I looked up the place, and maps.me said it was a few blocks away from the evangelical church. So I walked my route to there…and got lost. I walked around, I asked people, I looked and re-looked at the maps.me route. Thankfully, this was not another Fireworks Fiasco. I found it by coincidence and walked in, now regretful we weren’t meeting at a sidrería. Elise and Elizabeth were sipping tea in a step down area, and Matt and Noah Shin had a table saved. They were sitting with two people I didn’t know.

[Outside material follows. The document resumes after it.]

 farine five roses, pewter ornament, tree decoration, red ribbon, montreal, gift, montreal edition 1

And that’s how I met Claudia.

Claudia was the daughter of a friend of Matt’s host mother. She was a stunner, and I was considering pulling out my best impression of Joey Tribbiani’s “how you doin’?” until she introduced her boyfriend, Leo. (I’m pretty sure that’s his name.)

Anyway, we just hung out.

End of story. Claudia’s a cool cat.

KKK (Keene, Ken, Kass)

Admittedly, this is a story with a downbeat undertone. Juan, a classmate of ours from Iowa, had been mugged a few nights earlier, and it had kind of poked a hole in our bubble.

Well anyway, I had been talking to Kassidy and Kennedy about studying together. They bounced back and forth as to where we would be studying, before saying “screw it” and asking if I wanted to hang out that night.

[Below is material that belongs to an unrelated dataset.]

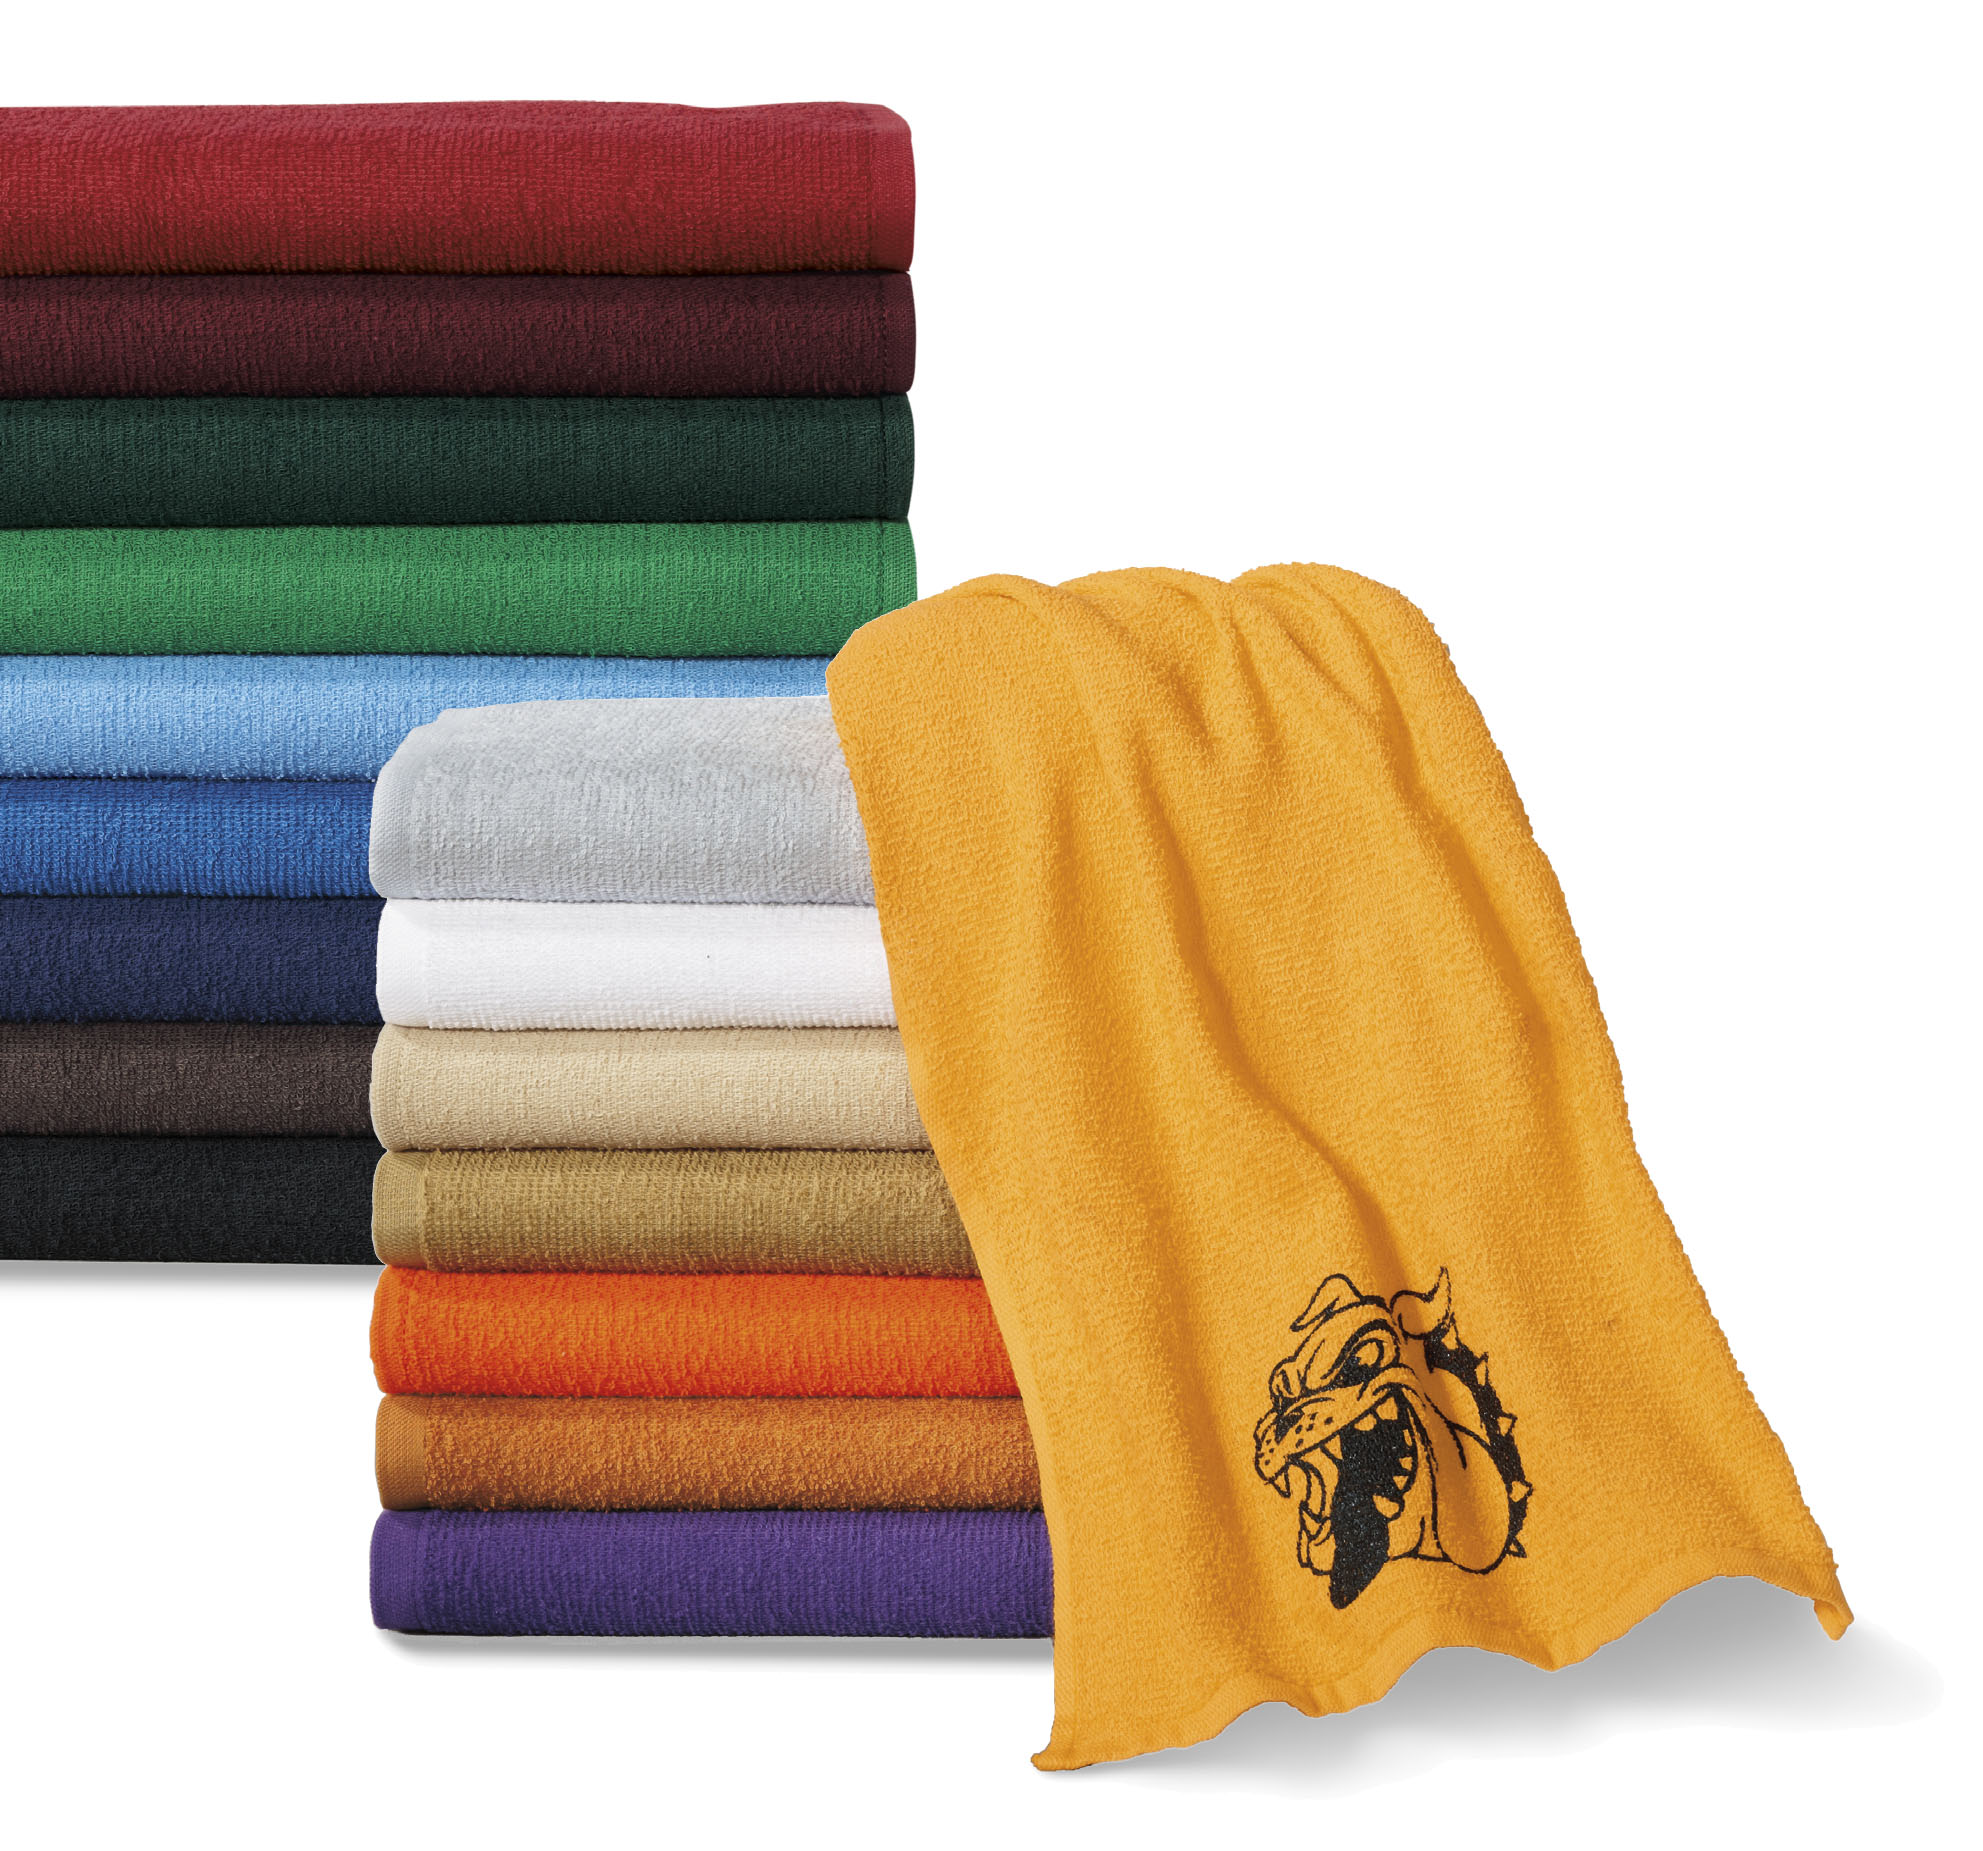 We just added custom rally towels back to our inventory. You can now design your towels with your logo or family members jersey number to show support at an event.

I walked to the bottom of Cider Hill and ran into Ally, Madison and Ally’s visiting boyfriend Trevor. In the two minutes I met him, I immediately saw why he and Ally were together: 1. The dude’s an Adonis, and an African-American one at that. 2. He positively identified my T-shirt as a Punisher shirt. Ally, if you’re reading this, marry that man.

Ahem.

I invited them to join my group, but they said they were gunning for the clubs, so I wished them luck (a good time? many free drinks? what do you wish for people trying to club?) and kept walking.

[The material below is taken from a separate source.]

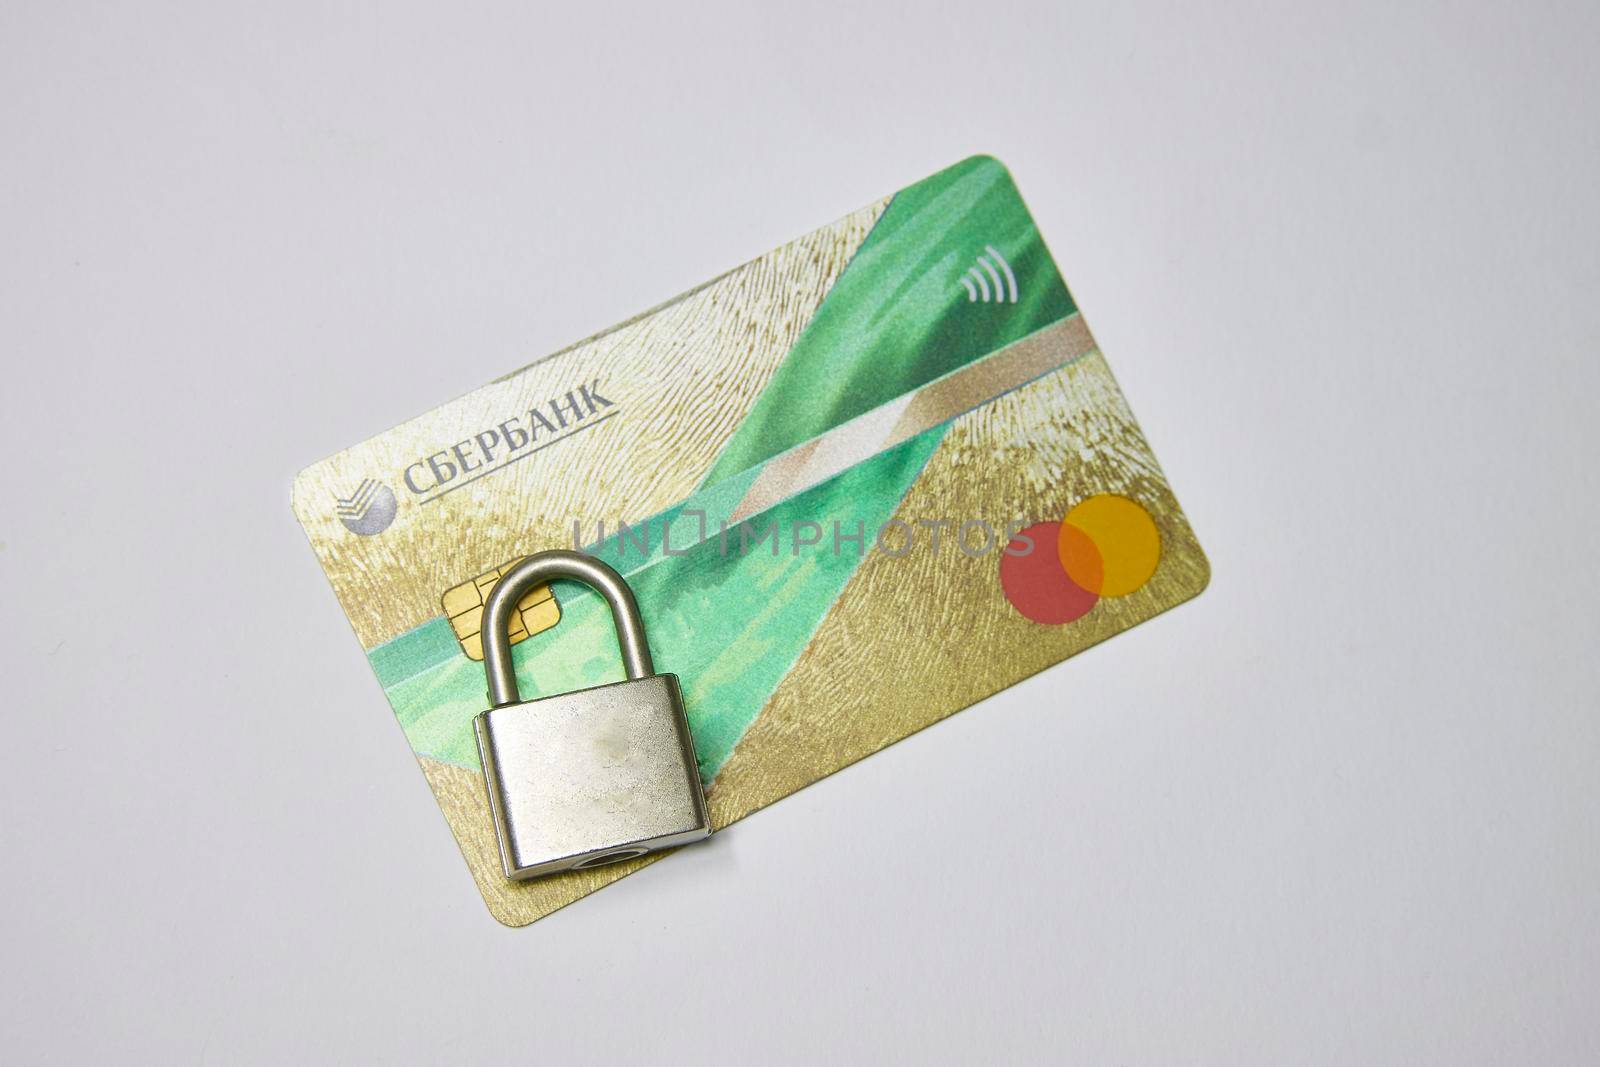 Russia, Syzran - FEBRUARY 27, 2022: sanctions against Sberbank. bank card under lock and key by vadiar

I found Kass and Ken in a restaurant near the bottom of Cider Hill. Once I sat down, I learned something very quickly: if you want free stuff, go abroad and make your travel companions are attractive white women.

The two staffers were both men, and we were their only customers sitting inside. At semi-regular intervals, they’d bring us platters of tapas, and they were chatting with all three of us, but Kassidy and Kennedy in particular. They might have had a chance with Kennedy, who was (is?) single, but Kassidy had earlier said she was essentially waiting on her boyfriend of several years to propose. This may make them sound like scumbags, but despite laying it on a little thick, they seemed like cool dudes.

It was while sitting together that I learned of another unfortunate occurrence: Kassidy had been followed. I didn’t learn all the details, but the skinny was: she was walking in the city by herself, and some dude in a turban had followed her. She pulled some evasive maneuvers and lost the guy. It was yet another needle in our idyllic bubble, a reminder that as much fun as we were having in Spain, creeps who want to get their rocks off by any means possible know no borders.

We eventually decided to pack it up. We said goodbye to Miguel and Antonio, the two waiters, and paid our bill. Kennedy lived pretty close, so she went off on her own. I told Kassidy I’d walk her home. She said it wasn’t necessary and that her place was out of the way of mine. I in turn told her she could either slightly inconvenience me by making me walk out of my way or she could deal with Turban Man again. We compromised: I walked her halfway and then went on my way.

Stay safe, ladies.

Anywho, that’ll do it for now. Two more volumes to go. For now, may your fake menus be legible, your walks to McDonald’s be without a cloud in the sky, and your travels be in the companionship of attractive white women.